Gary Wigham

Personal information
- Full name: Gary Wigham
- Born: 2 March 1973 (age 53) Bishop Auckland, County Durham, England
- Batting: Right-handed
- Bowling: Right-arm medium-fast

Domestic team information
- 1991–1992: Durham

Career statistics
| Competition | List A |
| Matches | 1 |
| Runs scored | – |
| Batting average | – |
| 100s/50s | –/– |
| Top score | – |
| Balls bowled | 48 |
| Wickets | 1 |
| Bowling average | 43.00 |
| 5 wickets in innings | – |
| 10 wickets in match | – |
| Best bowling | 1/43 |
| Catches/stumpings | –/– |
- Source: Cricinfo, 12 August 2011

= Gary Wigham =

English cricketer

Gary Wigham (born 27 May 1961) is a former English cricketer.
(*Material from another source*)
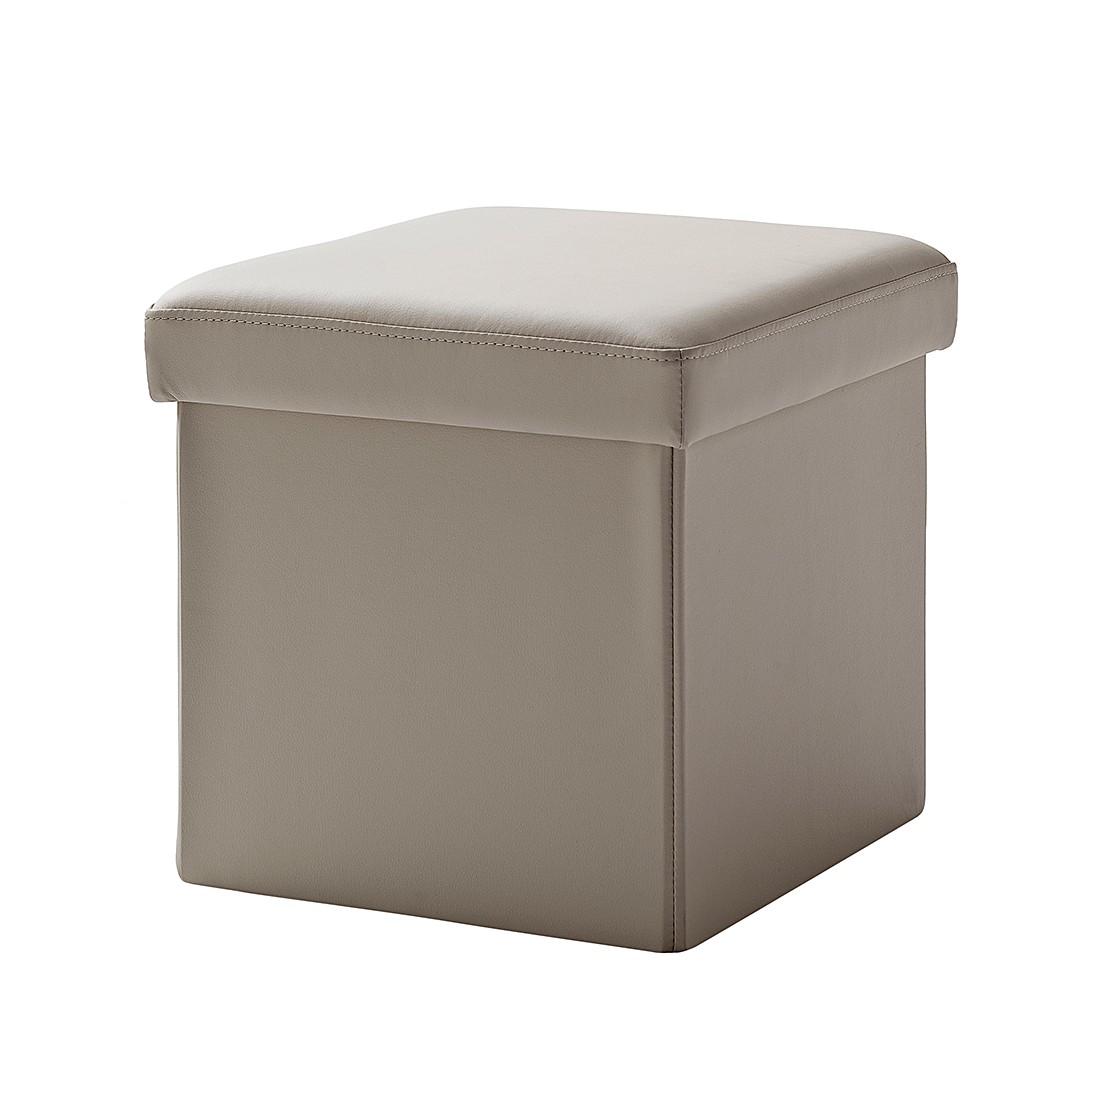 Gestoffeerde zitkubus Cube (met deksel) - kunstleer - donkerbruin, meise möbel

Wigham was a left-handed batsman who bowled right-arm off break. He was born in Seaham, County Durham.

Wigham played Minor counties cricket for Durham in 1991, making a single appearance in the Minor Counties Championship against Hertfordshire. Durham were granted first-class status at the end of the 1991 season. Unlike many players, Wigham was retained by the county, but went on to make just a single List A appearance against Essex in the Sunday League. He didn't bat in this match, but with the ball he took the wicket of John Stephenson for the cost of 43 runs from 8 overs.